Answer:
The container should be made of lead and the liquid should be water.
Step-by-step explanation:
Since the volume of the container of liquid after expansion is V = V₀(1 + βΔθ) where V = initial volume, β = coefficient of volume expansion, Δθ = temperature change.
So, the volume change V₂ - V₁ where V₁ = volume of liquid and V₂ = volume of container
For steel, V₂ = V₀(1 + β₂Δθ) and V₁ = V₀(1 + β₁Δθ)
So, ΔV = V₀(1 + β₂Δθ) - V₀(1 + β₁Δθ) = V₀[1 + β₂Δθ - 1 - β₁Δθ] = V₀[β₂Δθ - β₁Δθ]
Since we want a minimum value for ΔV and V₀ and Δθ are the same, we need ΔV/V₀Δθ = β₂ - β₁ to be a minimum
where β₂ = coefficient of volume expansion of liquid and β₁ = coefficient of volume expansion of container.
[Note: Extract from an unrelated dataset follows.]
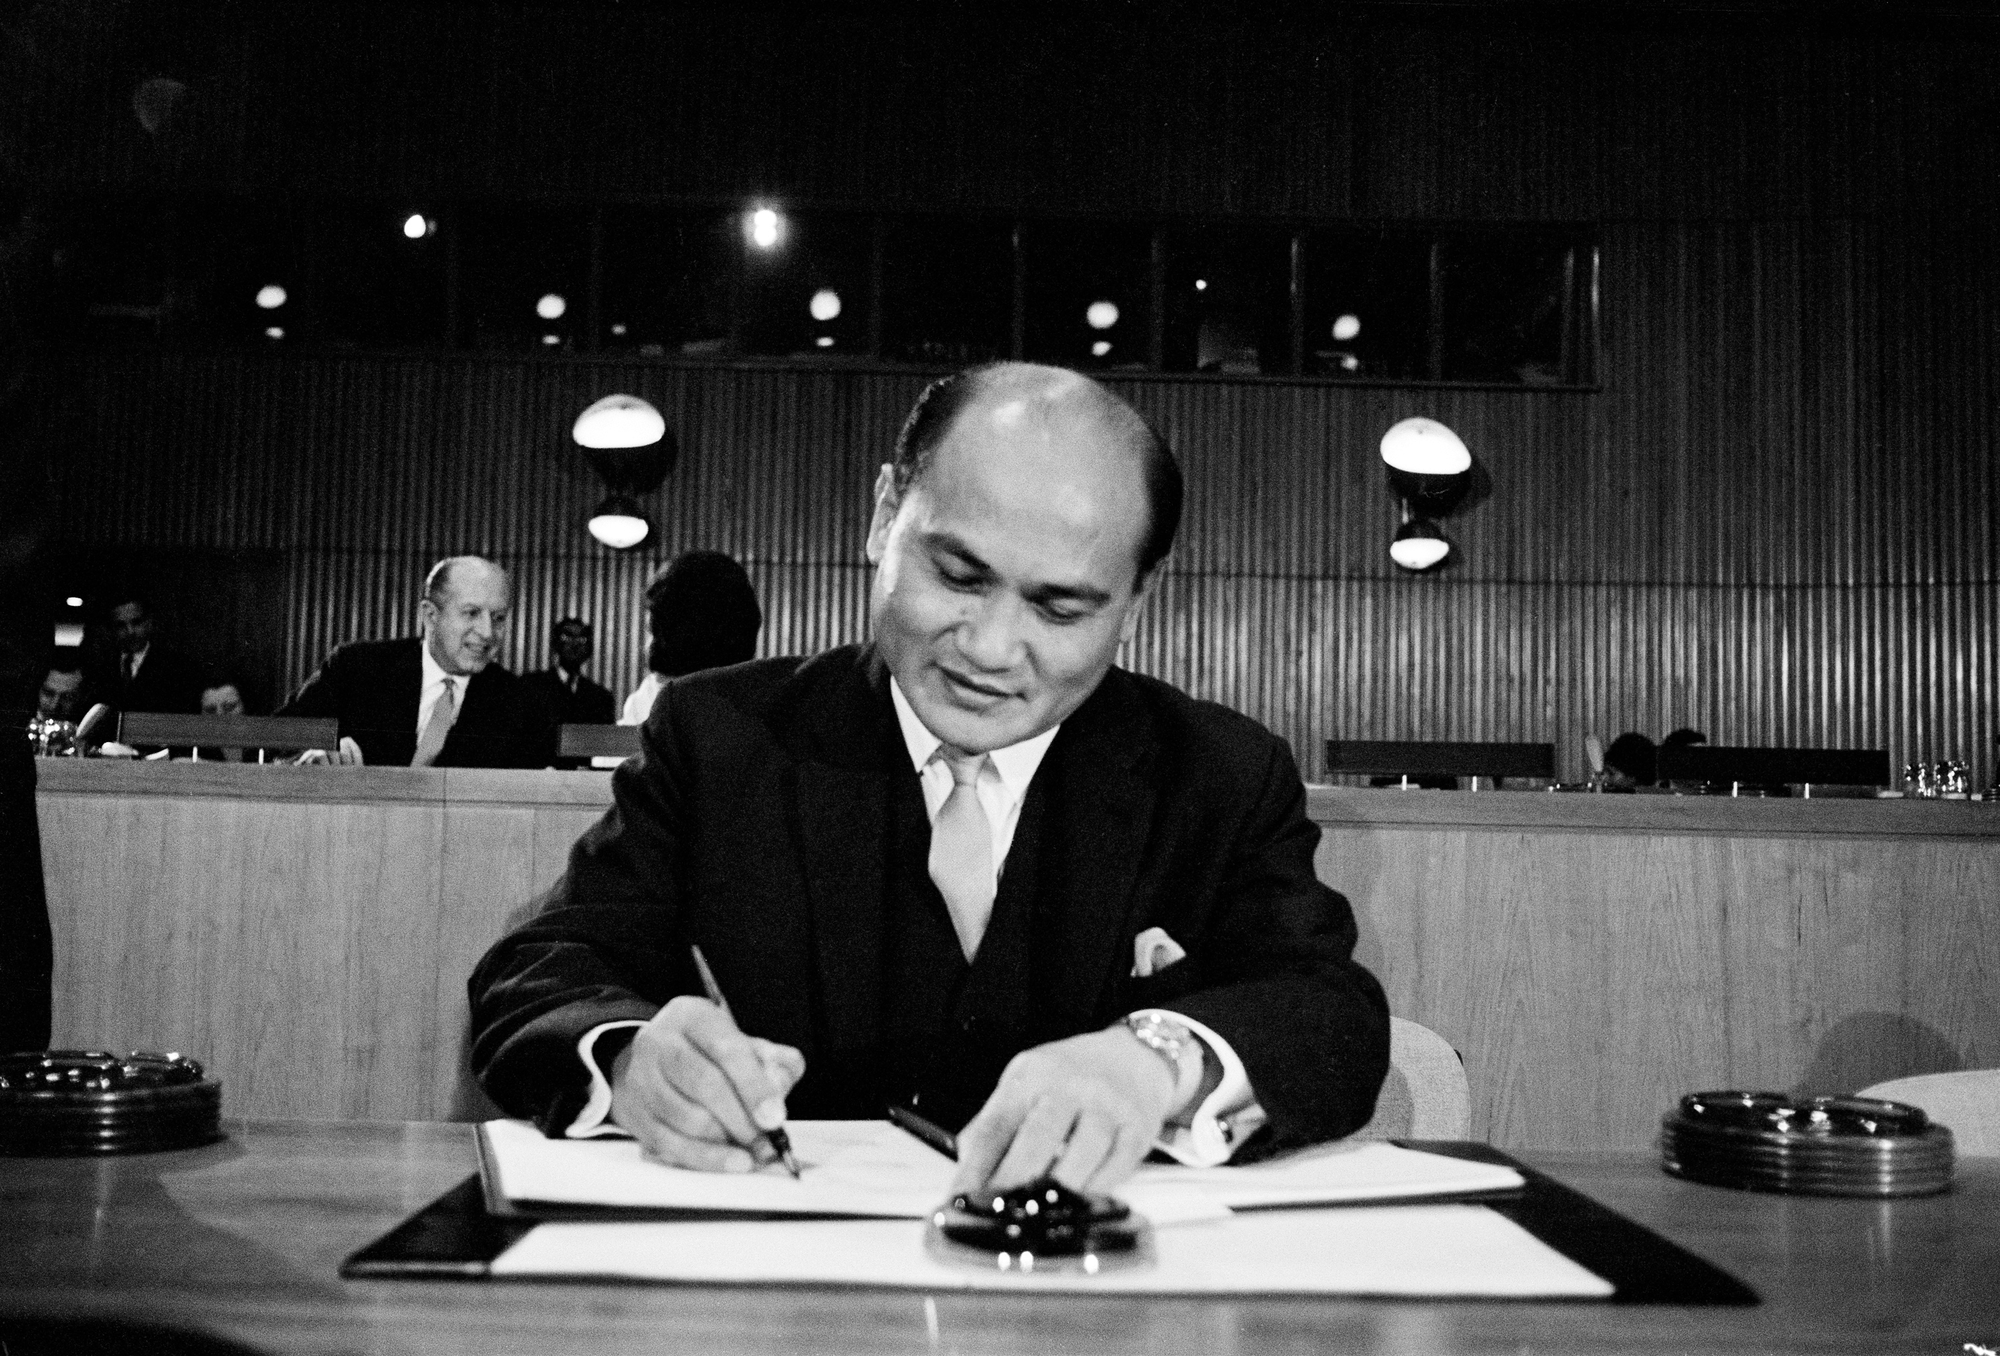 Ambassador Salvador P. Lopez (Philippines) is seen signing the Covenants.

So, trying each combination, with β₂ = 207 × 10⁻⁶ (C°)⁻¹] and β₁ = 36 × 10⁻⁶ (C°)⁻¹
β₂ - β₁ = 207 × 10⁻⁶ (C°)⁻¹ - 36 × 10⁻⁶ (C°)⁻¹ = 171 × 10⁻⁶ (C°)⁻¹
With β₂ = 207 × 10⁻⁶ (C°)⁻¹] and β₁ = 87 × 10⁻⁶ (C°)⁻¹
β₂ - β₁ = 207 × 10⁻⁶ (C°)⁻¹ - 87 × 10⁻⁶ (C°)⁻¹ = 120 × 10⁻⁶ (C°)⁻¹
With β₂ = 1120 × 10⁻⁶ (C°)⁻¹] and β₁ = 36 × 10⁻⁶ (C°)⁻¹
β₂ - β₁ = 1120 × 10⁻⁶ (C°)⁻¹ - 36 × 10⁻⁶ (C°)⁻¹ = 1084 × 10⁻⁶ (C°)⁻¹
With β₂ = 1120 × 10⁻⁶ (C°)⁻¹] and β₁ = 87 × 10⁻⁶ (C°)⁻¹
β₂ - β₁ = 207 × 10⁻⁶ (C°)⁻¹ - 87 × 10⁻⁶ (C°)⁻¹ = 1033 × 10⁻⁶ (C°)⁻¹
The combination that gives the lowest value for β₂ - β₁ is β₂ = 207 × 10⁻⁶ (C°)⁻¹] and β₁ = 87 × 10⁻⁶ (C°)⁻¹
Since β₁ = 87 × 10⁻⁶ (C°)⁻¹ = coefficient of expansion for lead β₂ = 207 × 10⁻⁶ (C°)⁻¹] = coefficient of expansion for water, the container should be made of lead and the liquid should be water.